Но когда насупившийся корреспондент – тощий, будто никогда не ел, чернявый, как ворон, – находился уже у двери, Распутин окликнул его:
– Постой!
Корреспондент вернулся, с выжидающим лицом сел на табуретку и достал блокнот – ему показалось, что Распутин сейчас расскажет что-нибудь интересное, корреспондент сочинит нечто такое, от чего читатели разорят все лавки в поисках «Голоса Москвы», но Распутин пожевал губами и произнес:
– Я тебе на память фотокарточку надпишу.
Пока Распутин карандашом, коряво рисуя каждую букву, надписывал фотоснимок, корреспондент думал: «И как этот мужик мог околдовать, облапошить Россию? Ни кожи, ни рожи, ни ума, ни рук. Ну что есть все мы, раз позволяем, чтобы распутины вершили наши судьбы? Ведь Распутин может командовать только скотом, не людьми. За что нас наказал Господь?»
– На, – сказал ему Распутин и протянул фотокарточку. – На меня зла не имей. Я не такой плохой.
Журналист взял фотоснимок, отпечатанный на картоне, где Распутин походил на купца средней руки, сшибившего на продаже подпорченного товара лишнюю сотню. На обороте было написано: «На память. Григорий Новых (Распутин)». Не очень-то жирно. Увидев, что Распутин внимательно смотрит, журналист неожиданно поклонился – словно бы некие незнакомые силы заставили его сделать это, ощутил, что от пола очень остро пахнет лекарством – недавно пролили пузырек какого-то снадобья, и задом двинулся к двери. Распутин усмехнулся, глядя ему вслед.
«Что за наваждение, что за напасть, – думал журналист, сидя на скамейке в неком онемении – нельзя сказать, чтобы настроение его было подавлено, нет, не было, но и возвышенным, добрым тоже не было, – никак не понять, кто такой Распутин – злой дух или, напротив, защитник бедных, могущественный дядя из сказки. Кто он? Одни считают зазорным водить с ним знакомство, другие только к этому и стремятся, почитают за честь припасть к его руке. Царица в нем души не чает, считает наставником, посланником Бога, учителем, царь, подмятый волевой царицей, не перечит: раз Распутин – бог, то, значит, он действительно бог. Бедная Россия!»
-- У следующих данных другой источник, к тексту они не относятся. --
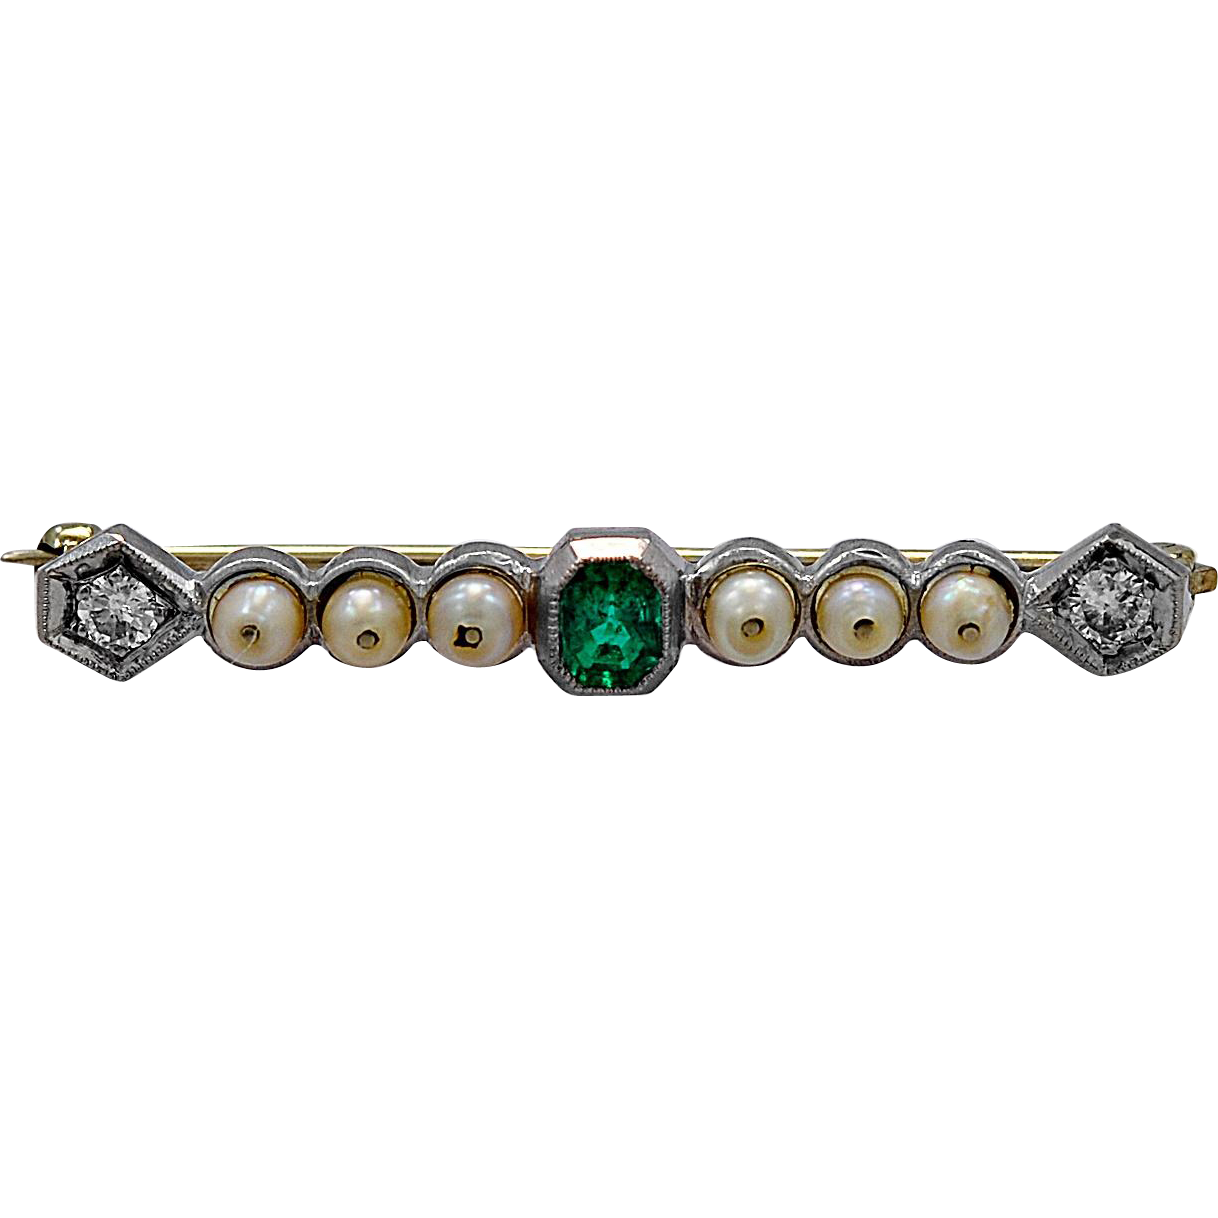 Antique Brooch .40ct. Emerald, Diamond, Pearl & Platinum Art Deco - J35810
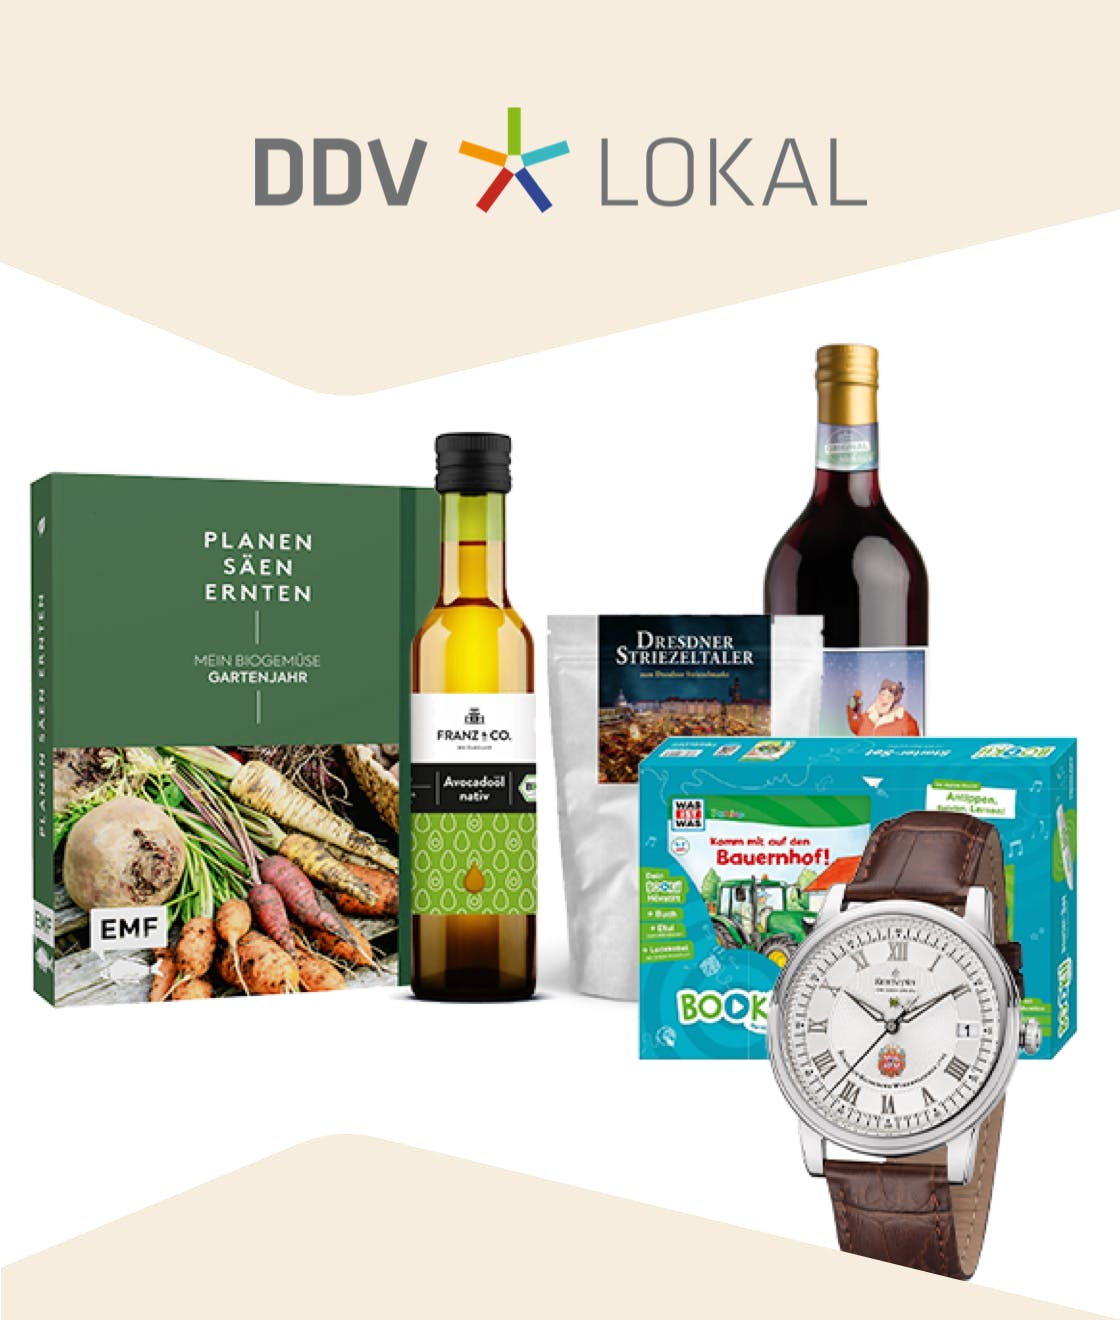 DDV Lokal

Подошел Гагенторн, распаренный, шумный, с недобрым красным лицом, обмахнулся большой мужицкой рукой и выпустил из груди воздух, словно пар из котла:
– Уф!
– Он будет жить? – неожиданно спросил корреспондент, искоса глянув на профессора.
– Чего это вы меня пытаете голосом сухим и бесстрастным, как у курицы? – грубо пробормотал Гагенторн, вытерся огромным, размером не менее дворцового флага, платком. – Уф!
– Извините.
– Будет жить, – пробормотал Гагенторн, – нас с вами переживет! – Выругался и добавил: – К сожалению!
Из Петербурга Распутину снова пришла обеспокоенная телеграмма – пороховые тучи сгустились окончательно, собрались сплошным пологом, закрыли небо, совсем закрыли, ничего не было видно, на Западе загрохотала война. Распутин прочитал телеграмму и молча спрятал ее под подушку.
– Случилось что-нибудь? – спросила Прасковья Федоровна.
– Нет, – хмуро ответил Распутин.
– Война? – догадалась жена.
– Еще нет!
– От кого хоть телеграмма?
– Оттуда. – Распутин поднял глаза. – От царицки!
Прасковья Распутина невольно сжалась, побледнела, рот у нее усох, обращаясь в туго собранную щепоть, будто она собиралась ртом своим перекреститься, взгляд сделался испуганным. Нахмурилась, глядя в сторону, в казенную больничную стенку, плохо окрашенную, в застывших каплях, разводах и неряшливых мазках, способную нагнать тоску не только на впечатлительного человека – больничные стены вызывали оторопь даже у Прасковьи Федоровны, имевшей не нервы, а пеньковые веревки, – лицо ее дрогнуло, и Распутина заговорила, не отводя взгляда от стенки. Голос у нее изменился, охрип, стал незнакомым:
– Ты вот что мне поведай, Григорий Ефимов… Ты все говоришь, царицка да царицка, а лик у тебя сразу таким сладким становится, что на него мухи летят, вот мать честная! А нет ли тут какого греха? А, Григорий Ефимов?! – Голос у Прасковьи Федоровны задребезжал, хрипота стала сильнее. – Если есть, ты мне скажи, не виляй, я ругать не буду! Что ж я, дура совсем какая, ежели стану поперек царицы становиться? Куда мне супротив ее! А? – По тому, что Распутин не отвечал, по напряженной, словно бы вымерзшей, тишине Прасковья Федоровна чувствовала, что муж слушает ее. И молчит. Раз молчит – значит, оторопел: слишком неожиданным для него оказался этот разговор. – А? Я ведь баба, и она, извиняй, баба. – Распутина осмелела. – Мы друг друга поймем. Хотя надо было бы тебе, друг милай, чупрынь за это малость повыдирать. Ну да бог с тобой!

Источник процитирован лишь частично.